Исак встречается с ним взглядом, и в его глазах плещется вызов и немного обиды.
– О том, что касается тебя, а не меня, – уточняет Исак, и выражение его лица явно говорит о том, что для него не новость, что Эскиль и Эвен говорят о нём.
– Ну не знаю. Наверное, моя мама, – отвечает Эвен. – Я не уверен.
– Потому что ты доверяешь своей матери. Потому что ты знаешь, что она никогда тебя не подставит.
– Хм, ну да, наверное.
– Видишь, у меня такого нет.
Эвен садится и внимательно смотрит на него, следит за каплей воды, стекающей по одному из завитков его волос. Эвен пытается отвлечься от его невероятной красоты. Красота Исака потрясает его в совершенно неподходящее время, как, например, сейчас, когда Исак вот-вот расскажет что-то важное и личное. Эвен продолжает смотреть на каплю воды.
– Когда я в последний раз доверился своей матери, я потерял чувство осязания.
Эвен пытается встретиться глазами со взглядом Исака, но тот смотрит на воду.
– После подобного сложно кому-то доверять, – продолжает Исак. – Откровенно говорить о чём-то не кажется больше простым и естественным. Скорее противоестественным.

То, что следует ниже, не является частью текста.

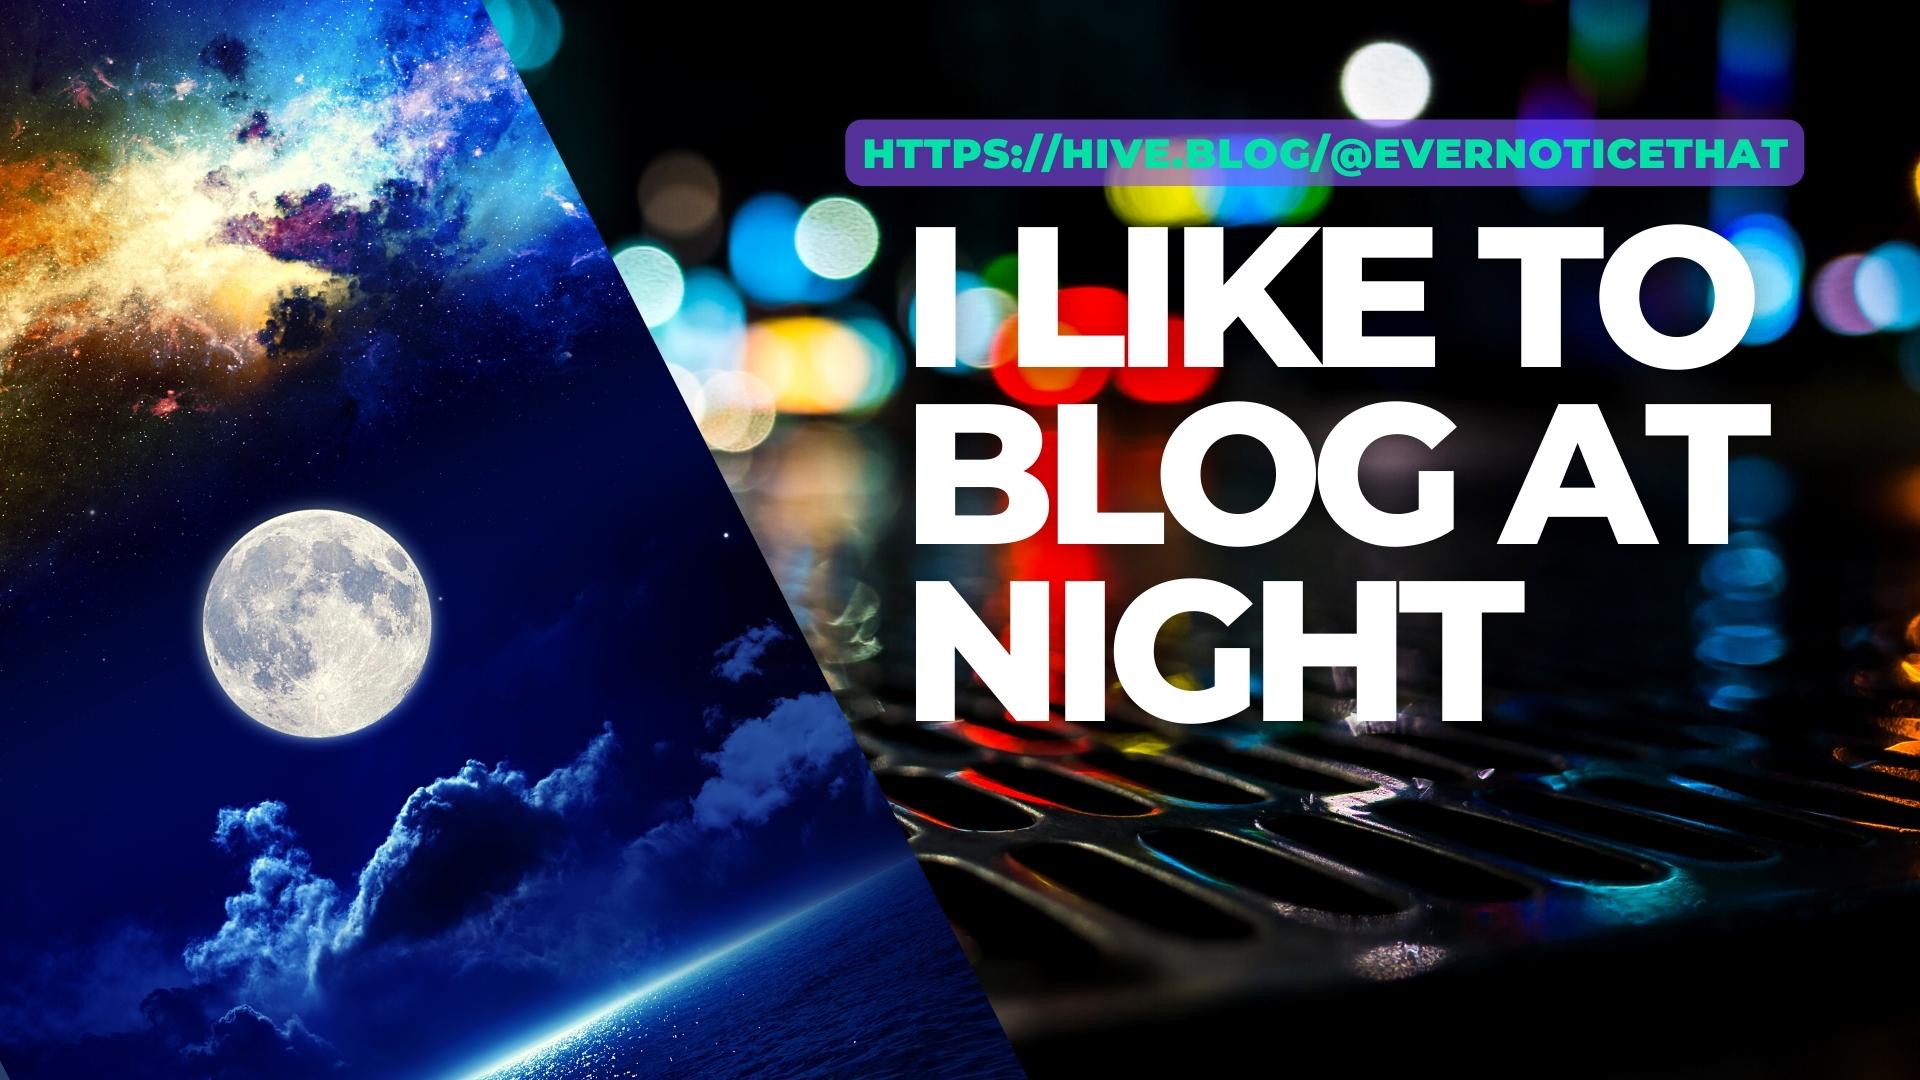 blogging-blog-content-creator-hive-germany-night @EverNoticeThat.jpg

Проблематичным. Пугающим и вызывающим тревогу.
– Я понимаю, – кивает Эвен, принимая объяснение Исака, осознавая, почему он не может ему довериться. Если Исак захочет рассказать, как его мать повлияла на потерю осязания, он расскажет. Эвен не будет на него давить.
– Правда?
– Правда, – говорит Эвен. – Теперь люди предпочитают тратить кучу денег, чтобы рассказывать о своих проблемах незнакомцам, даже не пытаясь довериться кому-то близкому.